It is of interest to know that certain groups of Jews built a temple on the island of Yeb, later Elephantine, on the Nile River. These Jews, originally mercenaries, spoke and wrote Aramaic. Papyri found on the island show that they retained their own customs and enjoyed self-government. In apparent disobedience to the law and to the practice of other Jews of the dispersion, they maintained a temple dedicated to Yahu. At this temple they offered food, incense, and burnt offerings. The papyri make reference also to the feasts of the Passover and Unleavened Bread. When Cambyses the Persian conquered Egypt in 525 B.C., he destroyed the Egyptian temples but spared the temple of Yahu.

Much later, during the absence of the Persian governor in 411 B.C., the enraged Egyptians, instigated by priests serving the ram-headed Chnum, destroyed the Jewish temple. We possess papyri that indicate that the Jews immediately petitioned Bagoas, the governor of Judea, the high priest Johanan, and other Judeans to come to their assistance. No answer was forthcoming. In 408 B.C. the colony again petitioned their Judean brethren, accompanying their letter with gifts. This time permission was granted to rebuild the temple and to offer food and incense sacrifices. Until recently it was considered doubtful that the temple was actually rebuilt. Now the Brooklyn Aramaic Papyri, edited by Dr. Emil G. Kraeling, indicate that it was.2

Latter-day Saints will be sufficiently apprised of the spiritual condition of these temple builders on Yeb when they are informed that they not only worshiped Yahu but other divinities of Canaan, e.g., Ashim-bethel, Anath-bethel, and Cherem. At Elephantine, Anath was Yahu’s consort under the name of Anath-Yahu. The spiritual condition of the Judean Jews who wrote the letter to Yeb may also be deduced from these facts.

Zerubbabel’s temple was finally superseded by that of Herod. We are indebted to the Jewish historian Josephus for rather full descriptions of the sanctuary,3 and also to the Mishnah. The older temple was not taken down until much of the material for the new had been assembled.

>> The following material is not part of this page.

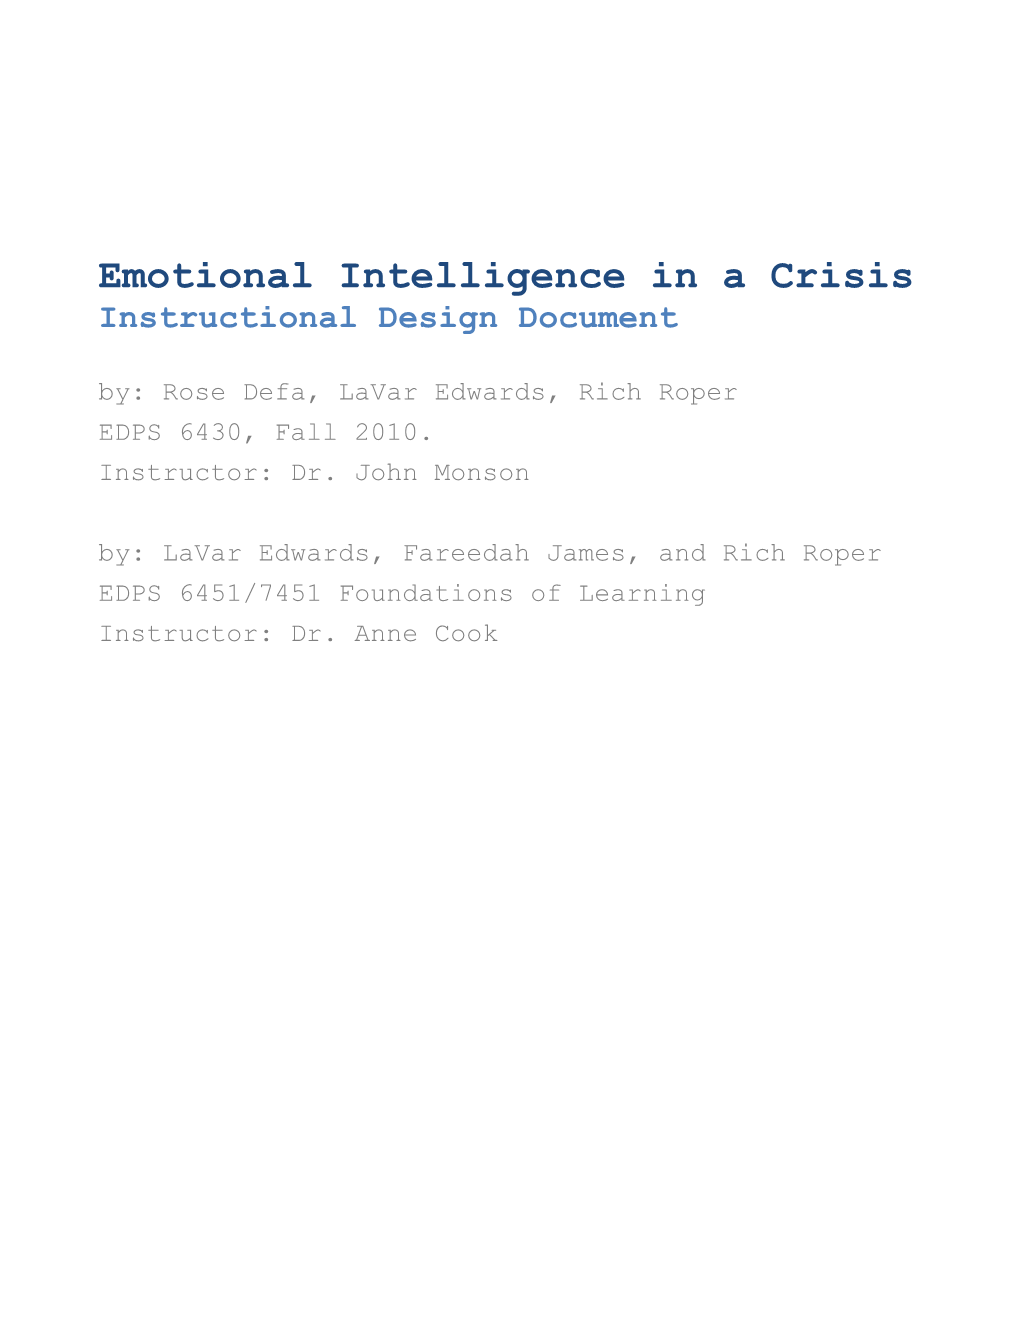 Emotional Intelligence in a Crisis

Work on the new temple began in the eighteenth year of Herod’s reign, 20–19 B.C. And the great complex of courts and buildings associated with Herod’s temple was not completed until the procuratorship of Albinus, A.D. 62–64.4 The old temple area was enlarged to twice its former dimensions. The temple proper was constructed of great blocks of white stone; its interior had the length and breadth of Solomon’s Temple, but its height was 40 cubits (60 feet), not counting an upper chamber, instead of 30 cubits (45 feet). The Temple of Herod was divided into the Holy of Holies and the sanctuary or holy place as in the earlier temples, but the appointments were much more lavish. The Holy of Holies was empty and was separated from the holy place by means of a veil. The reader is referred to Josephus for a more detailed description of the great temple structure.

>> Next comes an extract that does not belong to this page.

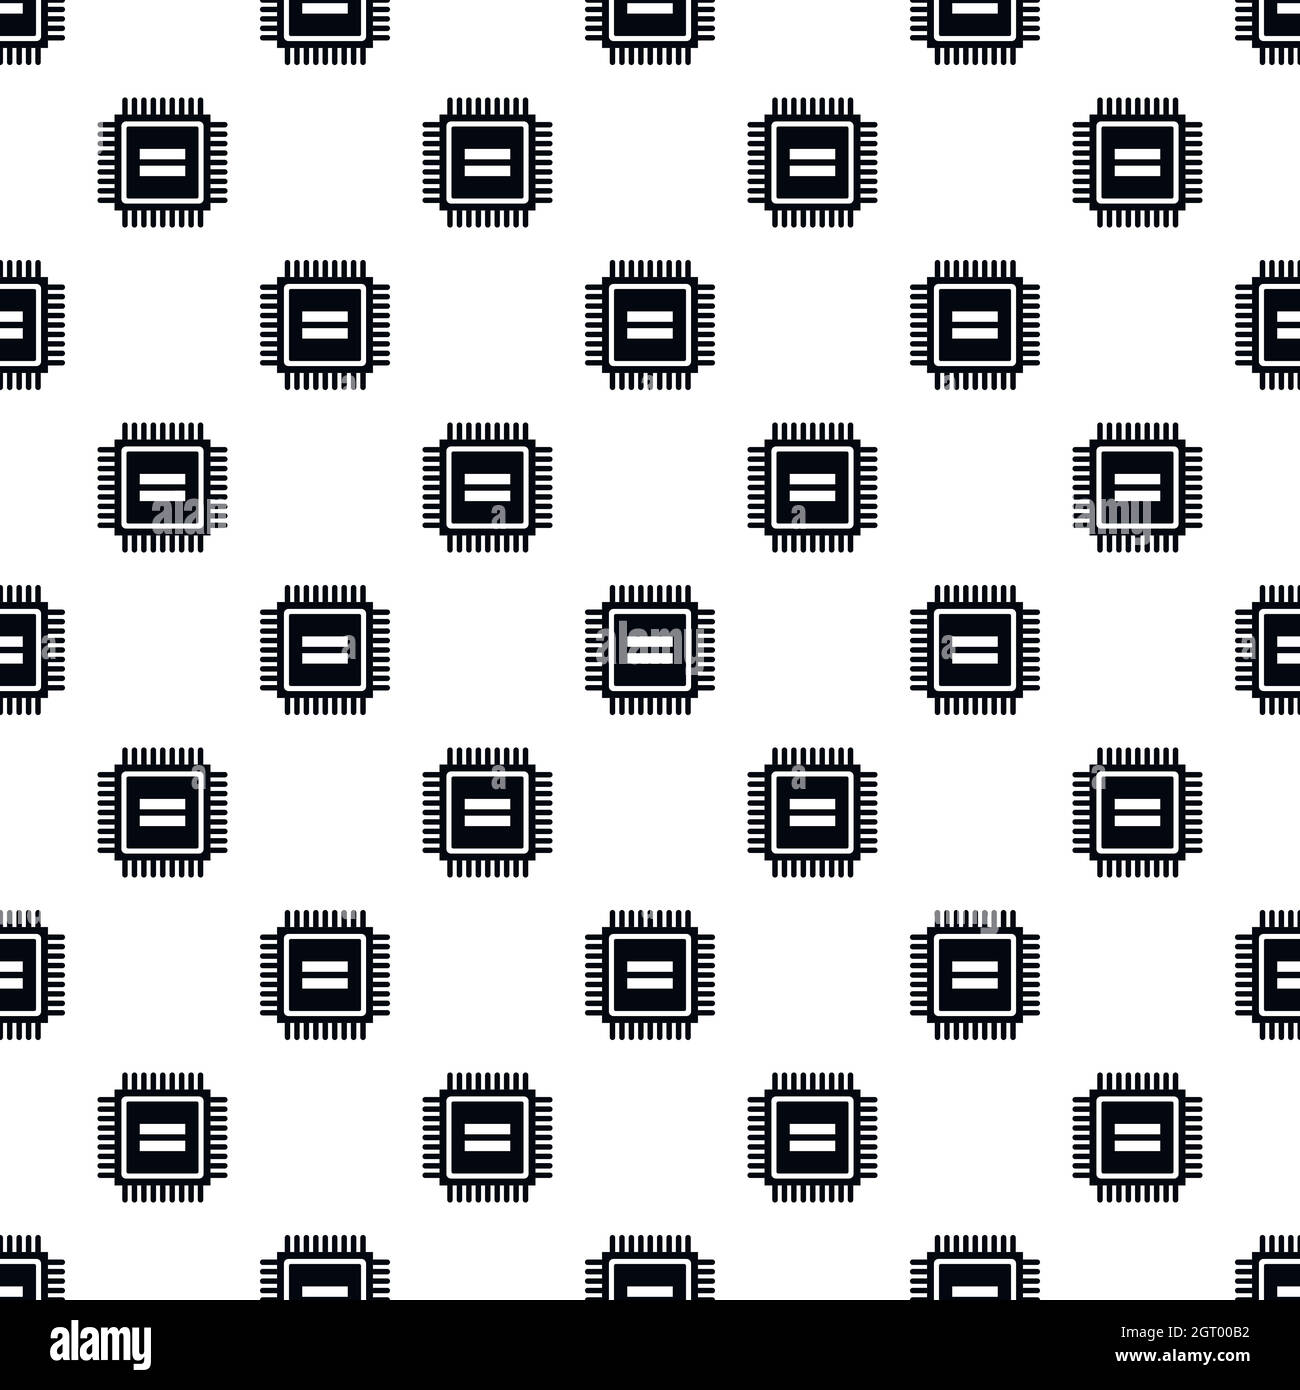 Processor pattern, simple style Stock Vector

The Book of Mormon makes clear that the Nephites, another branch of Hebrew people, knew the uses of temples and built a number of them upon this continent. Apparently the first temple was that constructed by Nephi after he and his followers had separated themselves from their unrighteous brethren. It was built after the plan of Solomon’s Temple, the details of which could be learned from the brass plates. Here are Nephi’s words:

“And I, Nephi, did build a temple; and I did construct it after the manner of the temple of Solomon save it were not built of so many precious things; for they were not to be found upon the land, wherefore, it could not be built like unto Solomon’s temple. But the manner of the construction was like unto the temple of Solomon; and the workmanship thereof was exceeding fine.” (2 Ne. 5:16.)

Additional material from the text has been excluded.